Notes on Various Errors and Jacobian Derivations for SLAM
Gyubeom Im

TL;DR
This paper provides a comprehensive analysis of error types and Jacobian derivations in SLAM, including theoretical formulations and practical implementations to improve accuracy and efficiency in state estimation.
Contribution
It introduces detailed Jacobian derivations for various SLAM errors and applies Lie theory to optimize rotation representations, enhancing SLAM computational methods.
Findings
Derived Jacobians for reprojection, photometric, and relative pose errors.

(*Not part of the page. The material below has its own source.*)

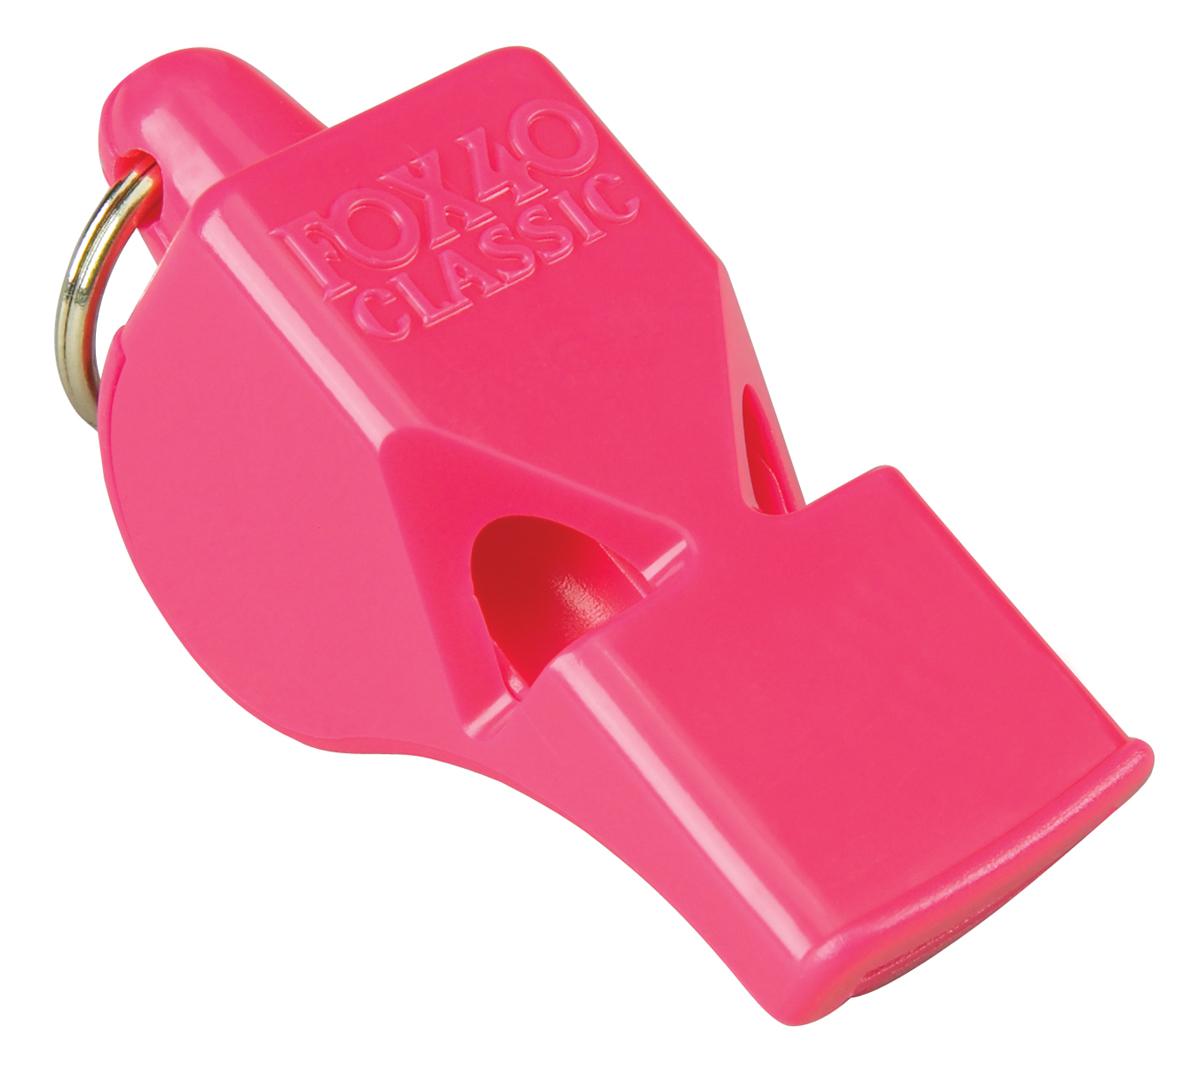 dc1e98a6a03d Tutto Fox 40 Whistles Pink Prodotto

Applied Lie theory to improve rotation computations in SLAM.
Discussed practical software implementations for error analysis.
Abstract
This paper delves into critical concepts and meticulous calculations pertinent to Simultaneous Localization and Mapping (SLAM), with a focus on error analysis and Jacobian matrices. We introduce various types of errors commonly encountered in SLAM, including reprojection error, photometric error, relative pose error, and line reprojection error, alongside their mathematical formulations. The fundamental role of error as the discrepancy between observed and predicted values in SLAM optimization is examined, emphasizing non-linear least squares methods for optimization. We provide a detailed analysis of: - Reprojection Error: Including Jacobian calculations for camera poses and map points, highlighting both theoretical underpinnings and practical consequences. - Photometric Error: Addressing errors from image intensity variations, essential for direct method-based SLAM. - Relative Pose…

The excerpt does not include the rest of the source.